My husband and I agreed on our parenting style after seeing how kids of friends and family turned out. We started our family late. It was APPARENT to us what worked and what didn't. So we both agree with nipping things firmly right up front with no drama.
My husband is gone 8-10 months out of the year, its' usually me home with 3 under 5, but I always let him get right in there when he gets home and be the boss. He jumps right in if they're not listening to me, and I do the same for him. No good cop bad cop. I don't want the kids to defer to me as the softy. They need the SAME message from both parents, and he doesn't have to make up for lost time when he's home since I'm the strict one when he's gone.

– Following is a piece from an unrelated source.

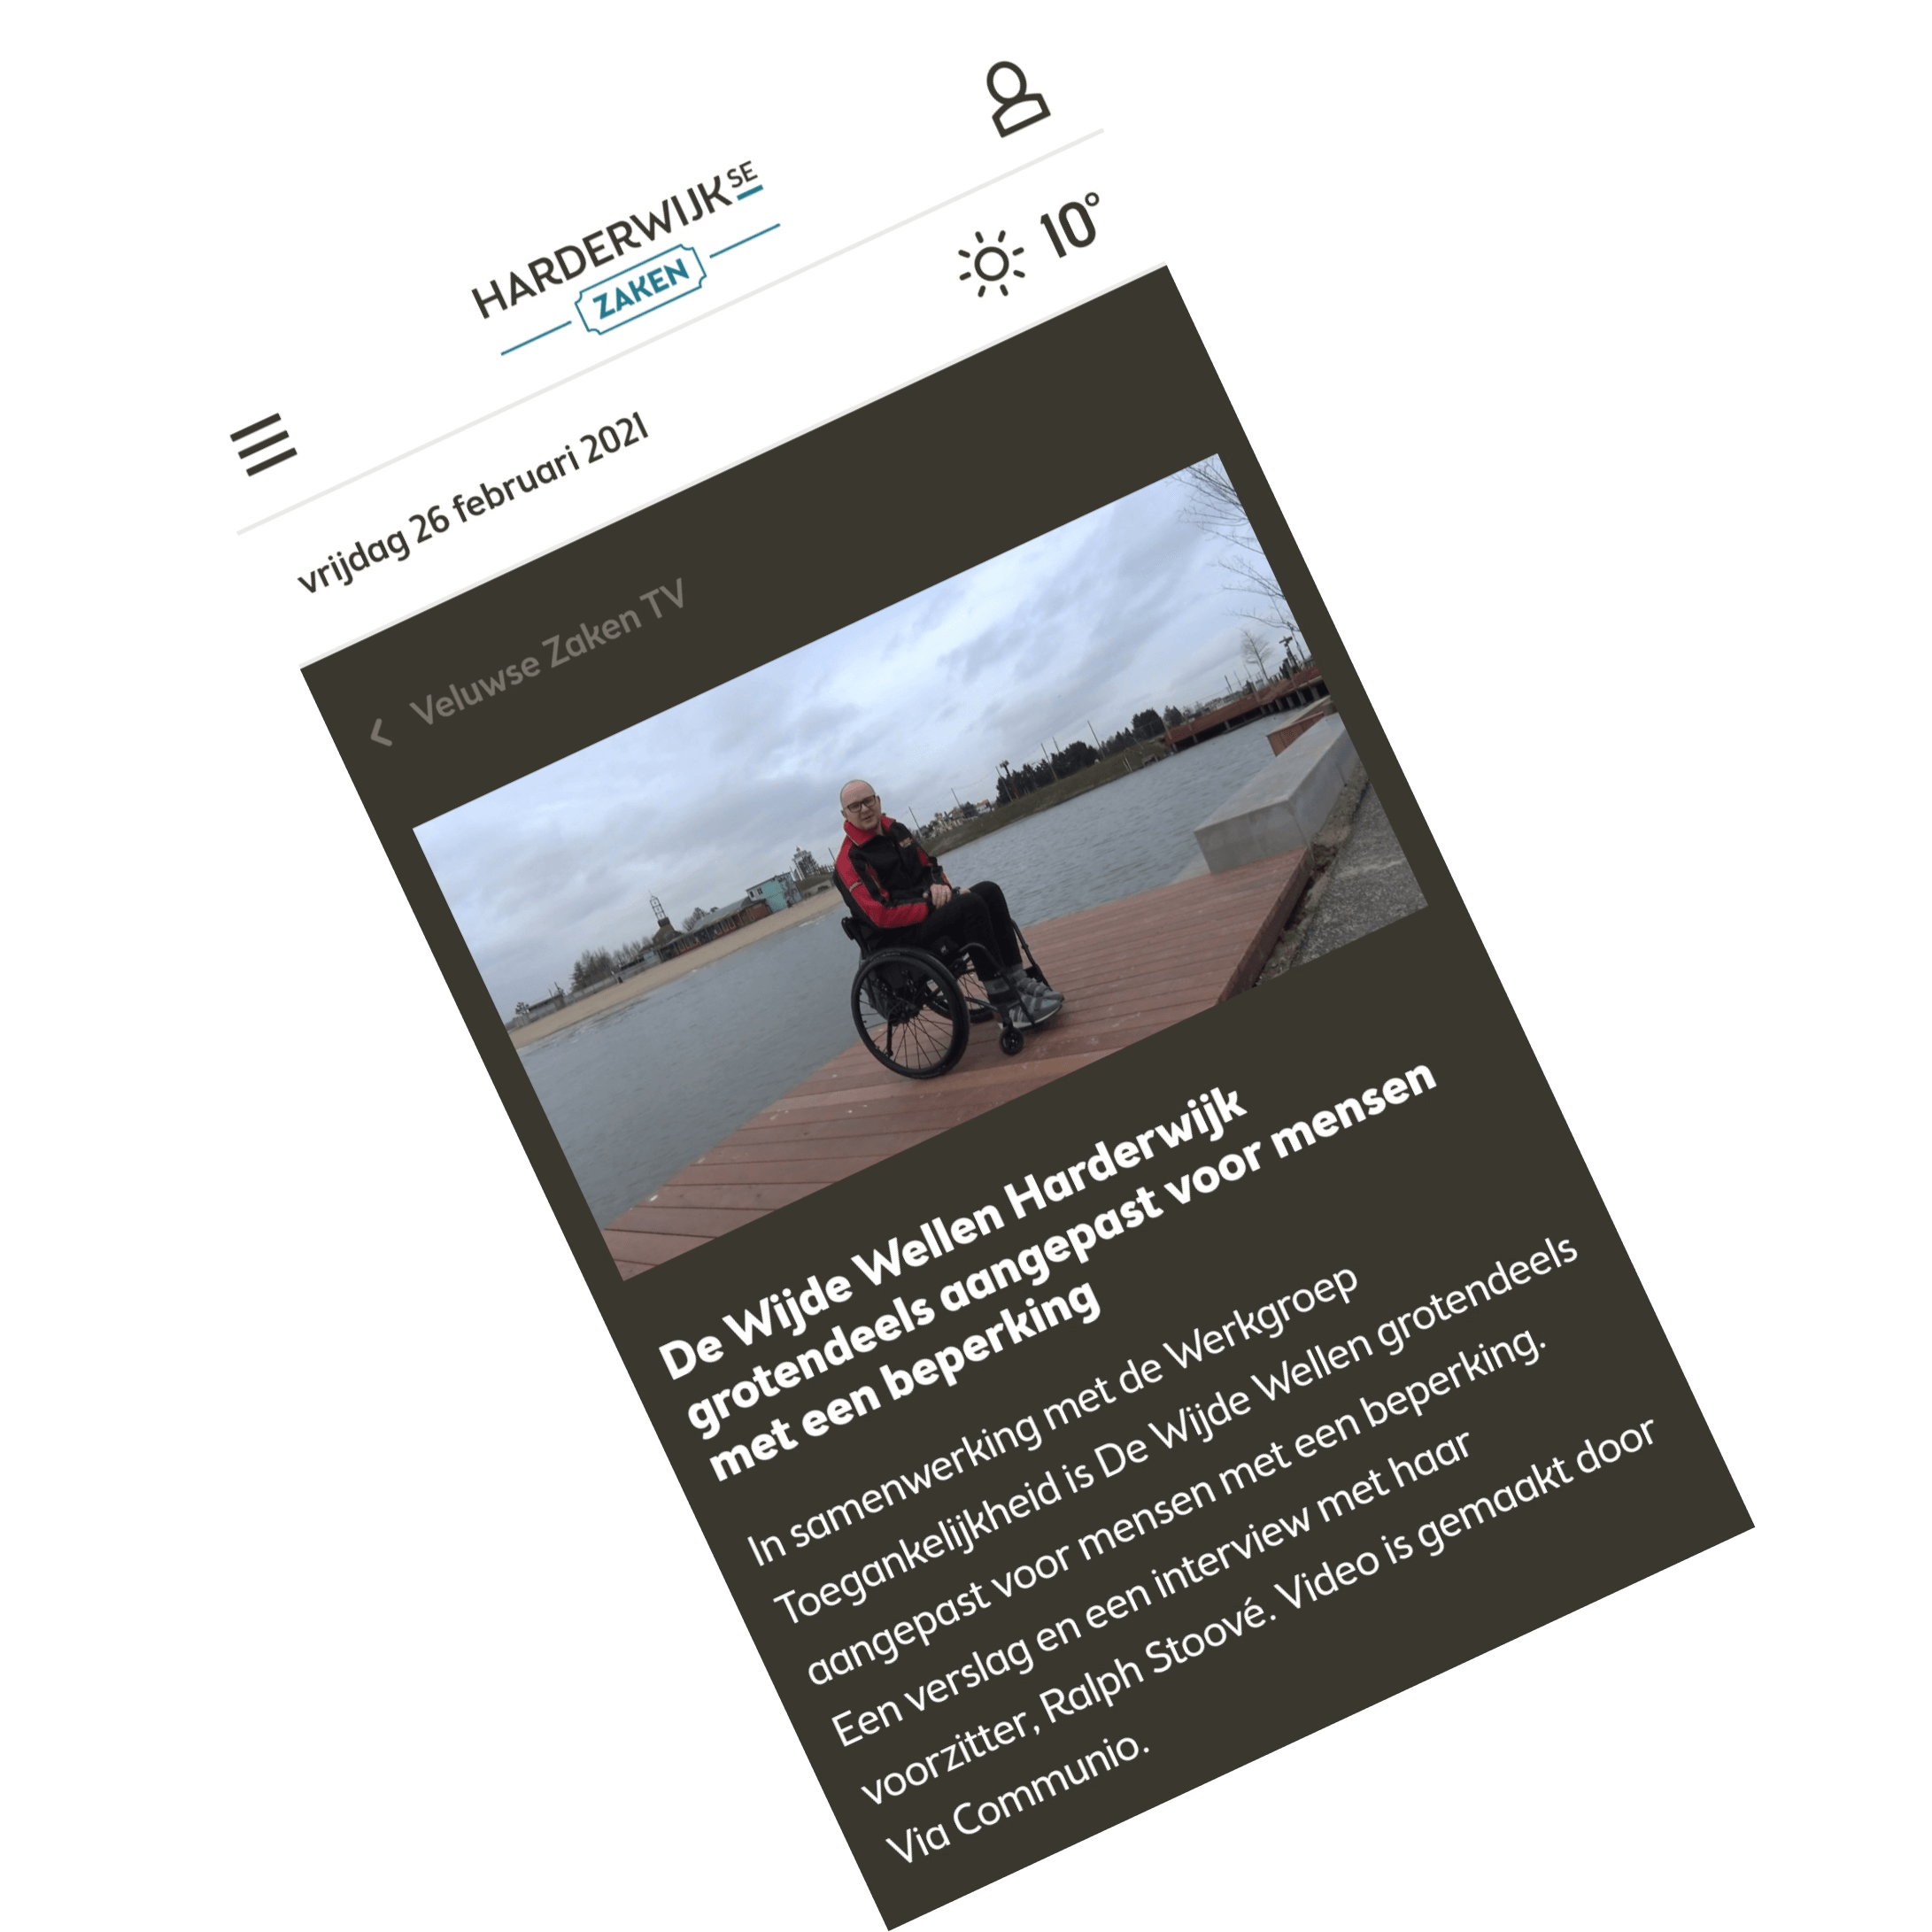 screenshot van artikel met Ralph Stoové in rolstoel die in De Wijde Wellen van Harderwijk op een rolstoeltoegankelijke steiger staat

If your connection is working, your husband wouldn't have bad behavior to deal with. BUT, he should NEVER be working from a place of being agitated and impatient. You BOTH need a methodical, calm, firm system that is the SAME. This makes it much easier on kids to learn quickly. If you're standing your ground, and he's standing his, and both people are different, and one isn't home very much, there will be chaos and your husband will feel powerless. Try to get on the same page with him. Be honest with yourself if the behavior isn't what it should be, and ask him to compromise with you. It may help to find a book you can both agree on. If it's a discipline one, or a positive parenting one, whatever, as long as you are BOTH OK with the theory and outcome. If a book is making his blood boil because it obviously won't produce good behavior, you can't insist on using it. Our favorite is Back to Basics Discipline by Janet Campbell Matson. It's not an anti discipline book (tons of those out there), and is practical and real and in alignment with how we were raised, and we were expected to behave well as kids, and did. He may like it if you approve. If the rules are all just "coming from you" he can accuse you of not knowing what you are doing, especially if he sees behavior snowballing. So get a book as back up.
The best way to prevent anger and excessive discipline is to have effective discipline and good behavior.